The Galápagos racer (Pseudalsophis biserialis) is a colubrid snake in the genus Pseudalsophis that is endemic to the Galápagos Islands. It is a mildly venomous constrictor but it is not considered aggressive or harmful to humans. The two subspecies are the eastern and western racers, the latter being larger, longer, and darker than the former. The western subspecies specializes in hunting fish, while both subspecies eat small reptiles, eggs, rodents, and bird hatchlings. The Galapagos racer is near threatened due to recently introduced species that feed on snake eggs, including pigs, rats, mice, and cats.
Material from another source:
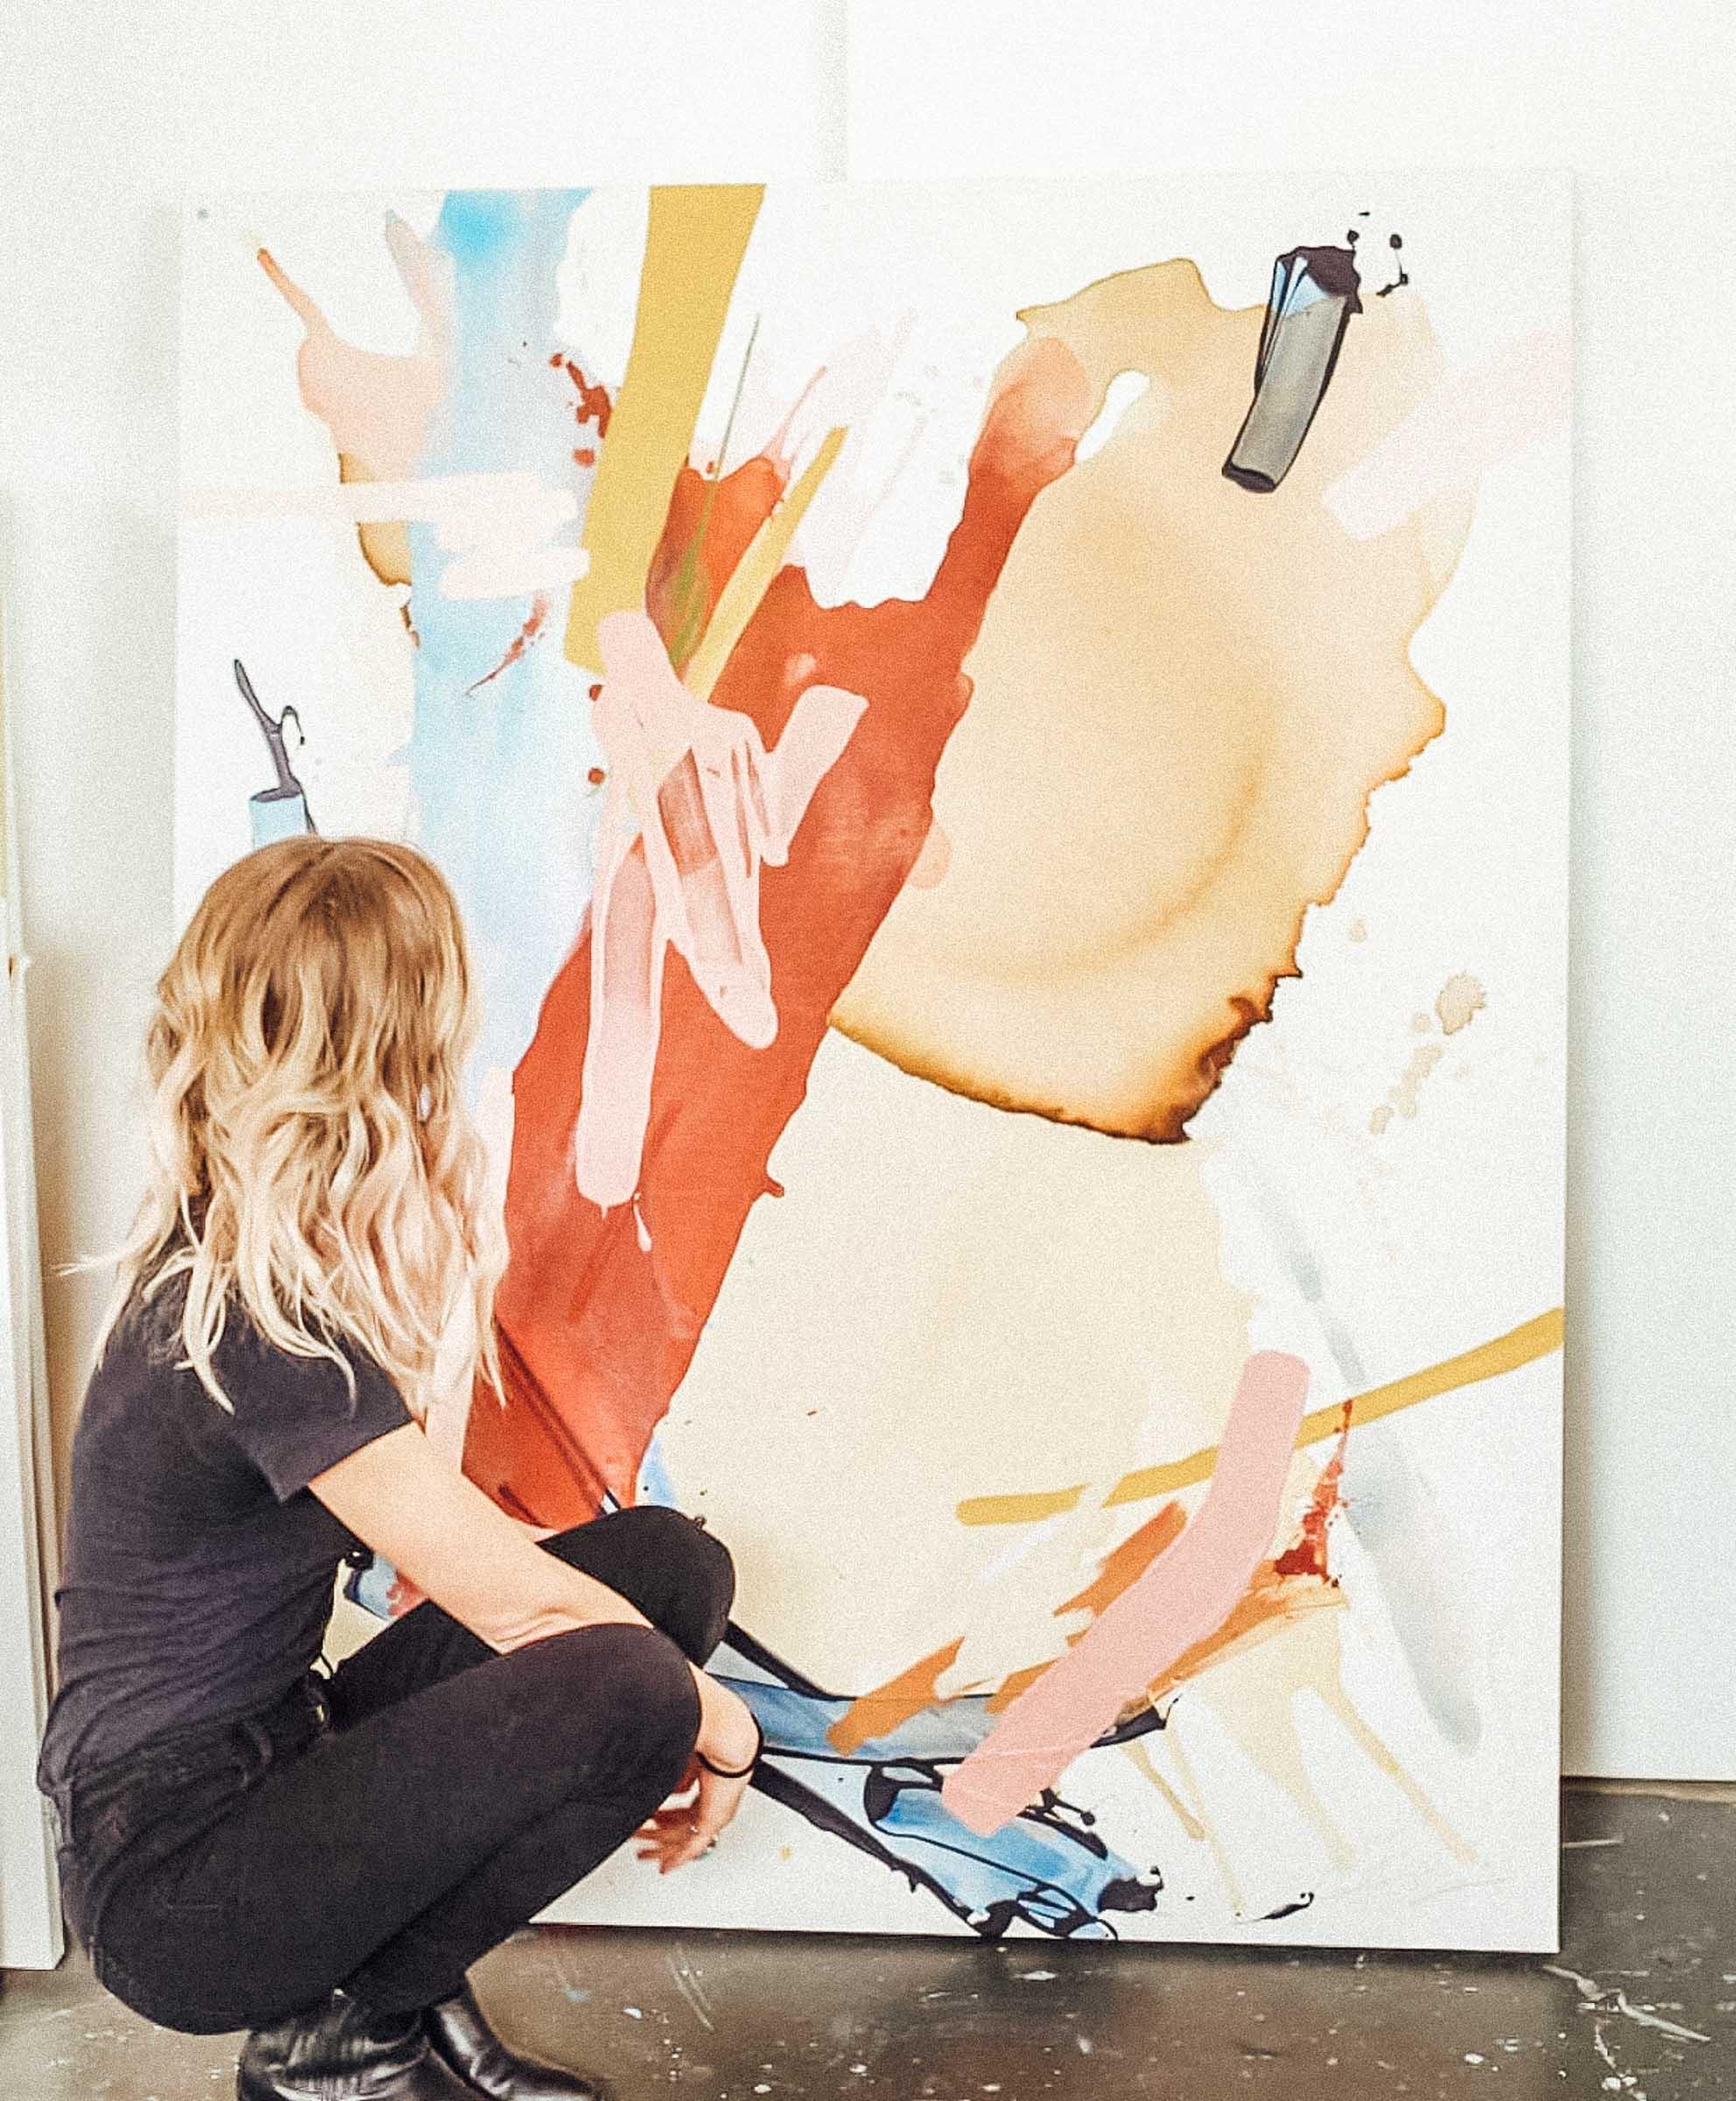 Chelsea_Michal_Garter_LightConversations_LightGalleryGR_GrandRapids_ArtsPodcast-4.jpg

It is one of only three species of snakes on the Galápagos Islands, and it was first described in 1860. In November 2016, a video clip from the BBC series Planet Earth II showing a group of Galápagos racers hunting marine iguana hatchlings became a viral trend.

==Description==

The snake is the only snake that occurs in the islets around the Floreana Island in Galápagos. The average sizes of males and females are respectively 129 and 126 cm. The snake is mildly venomous, with venom impacting the snake's small prey, but without effect on humans. Their diet includes small lizards, invertebrates, and birds.

==Taxonomy and etymology==
Originally classified as Herpetodryas biserialis by Albert Günther in 1860, this species has been renamed numerous times since then. The generic names have included Dromicus, Orpheomorphus, and Oraphis.